Task requirements:
Set down, exactly and only, everything from the line containing "CHP'den Cumhur İttifakı'na Sert Eleştiri" down to the line containing "CDA-Kamerlid Jaco Geurts" in the data below; the pictures are not part of the copy.

Listed entries:
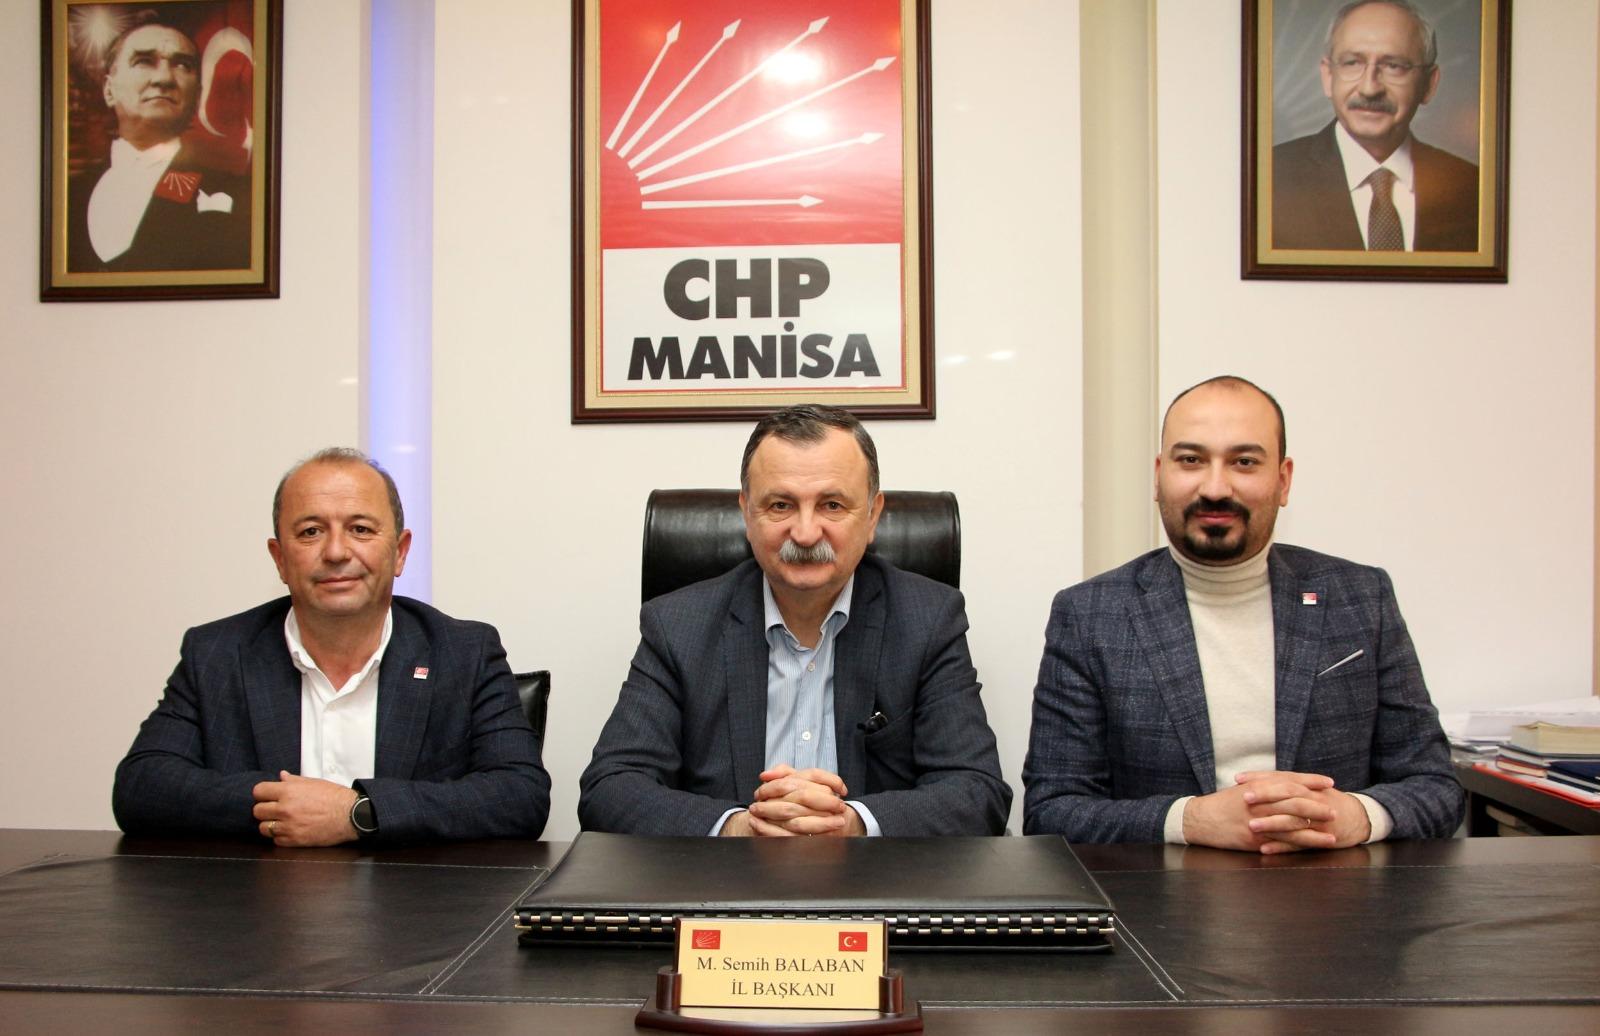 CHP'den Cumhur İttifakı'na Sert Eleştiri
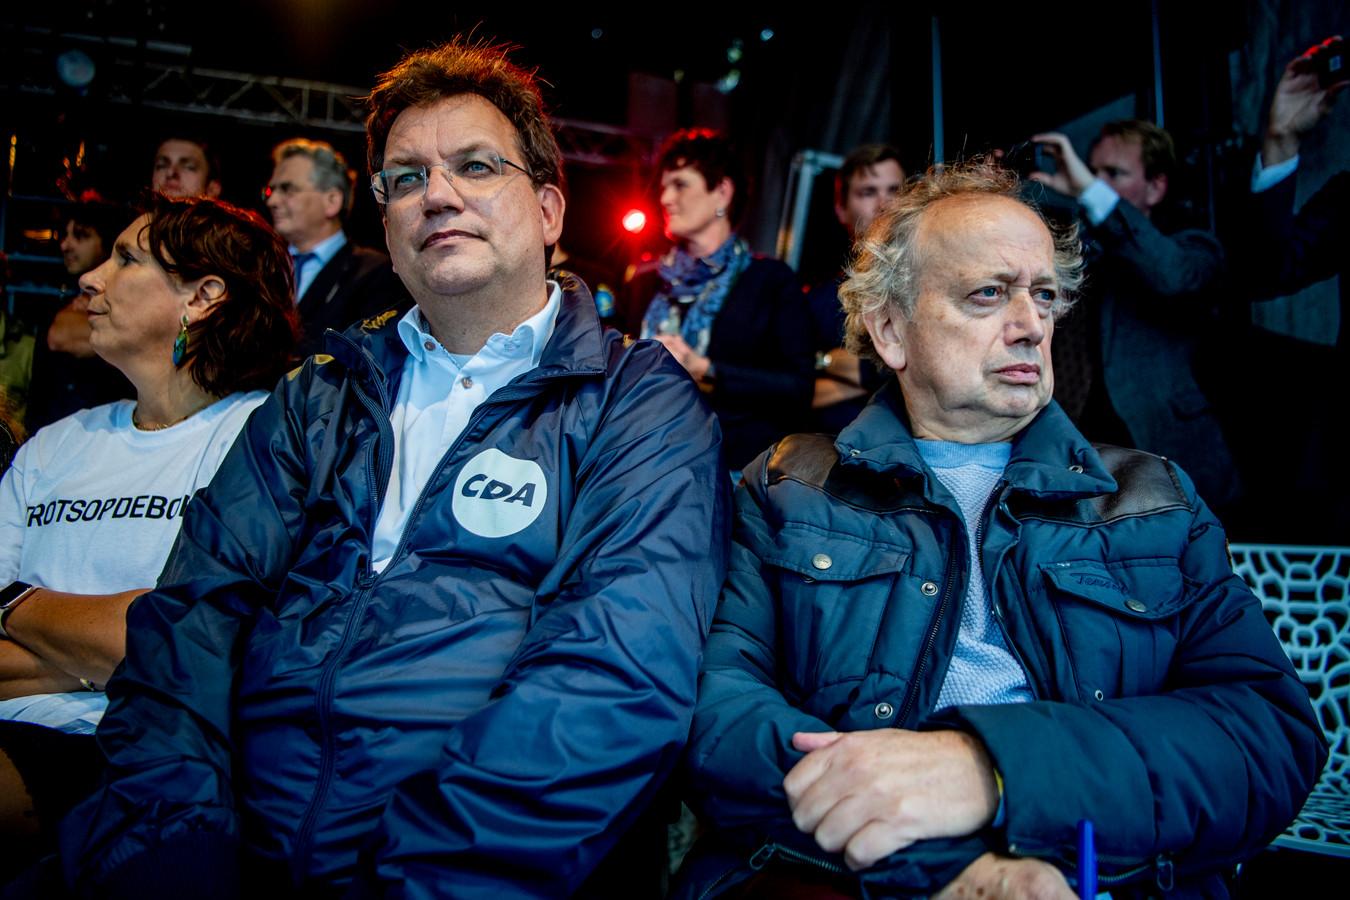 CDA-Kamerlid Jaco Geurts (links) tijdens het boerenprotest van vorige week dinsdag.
==
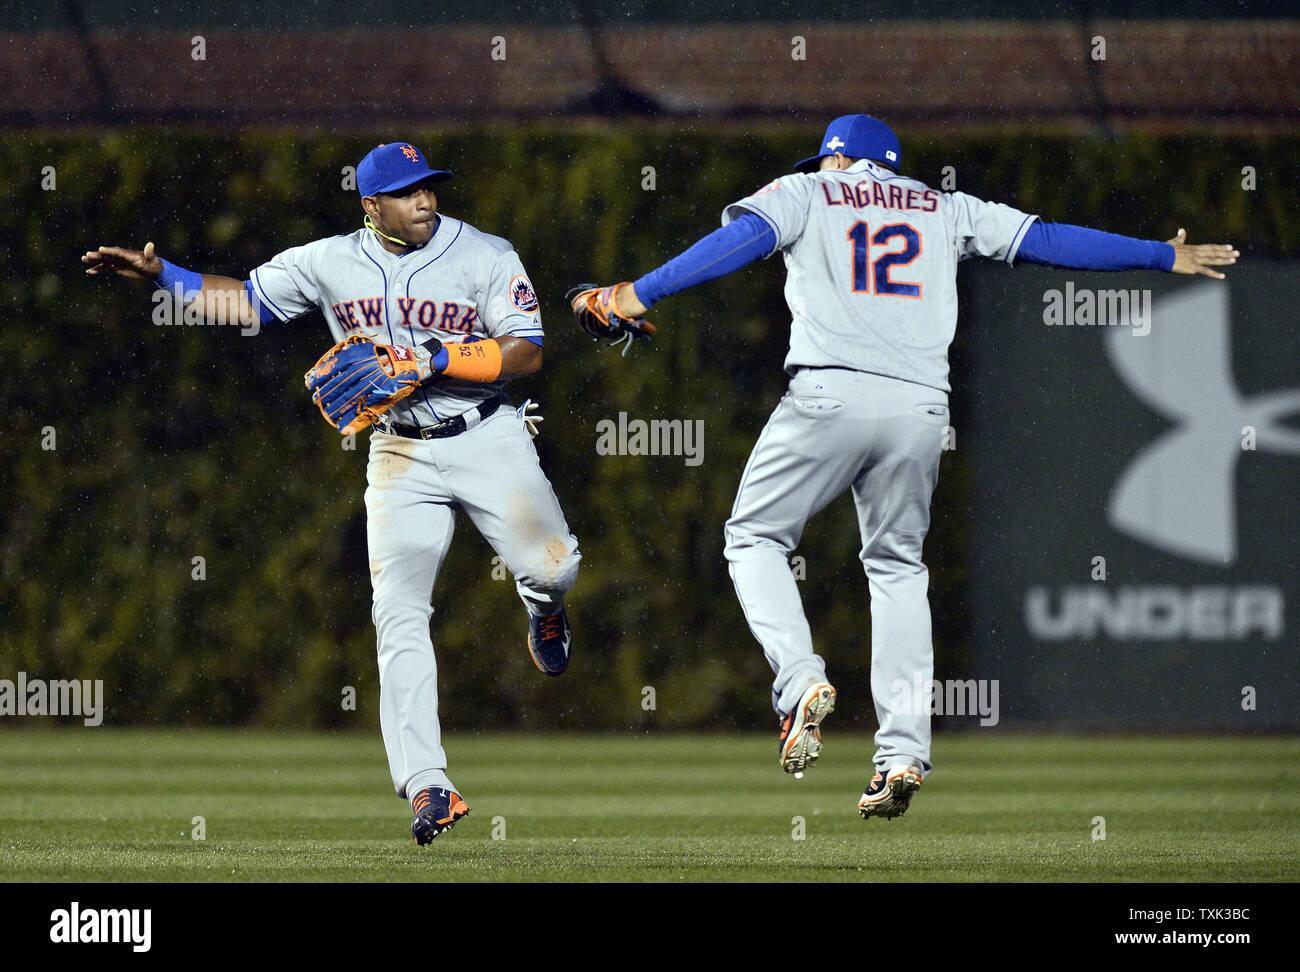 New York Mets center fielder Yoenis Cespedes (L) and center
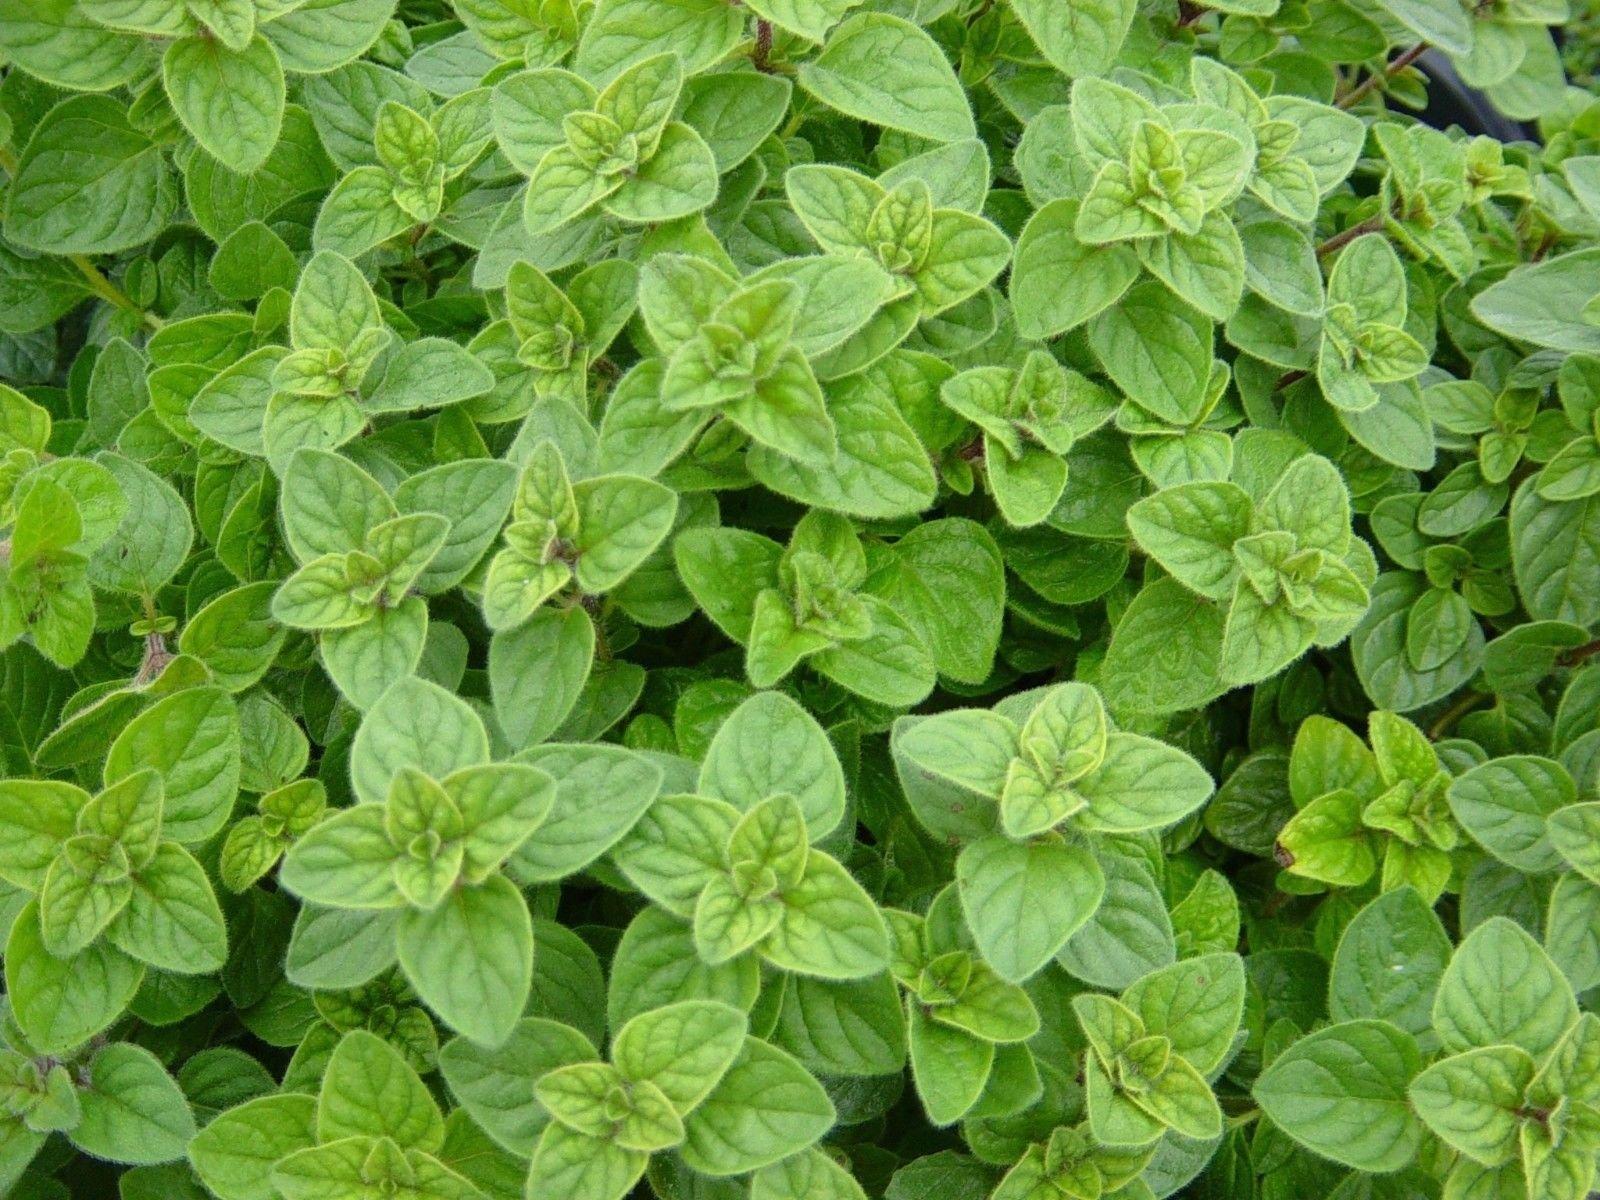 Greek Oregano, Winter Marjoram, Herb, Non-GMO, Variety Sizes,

Your solution:
 CHP'den Cumhur İttifakı'na Sert Eleştiri
 CDA-Kamerlid Jaco Geurts (links) tijdens het boerenprotest van vorige week dinsdag.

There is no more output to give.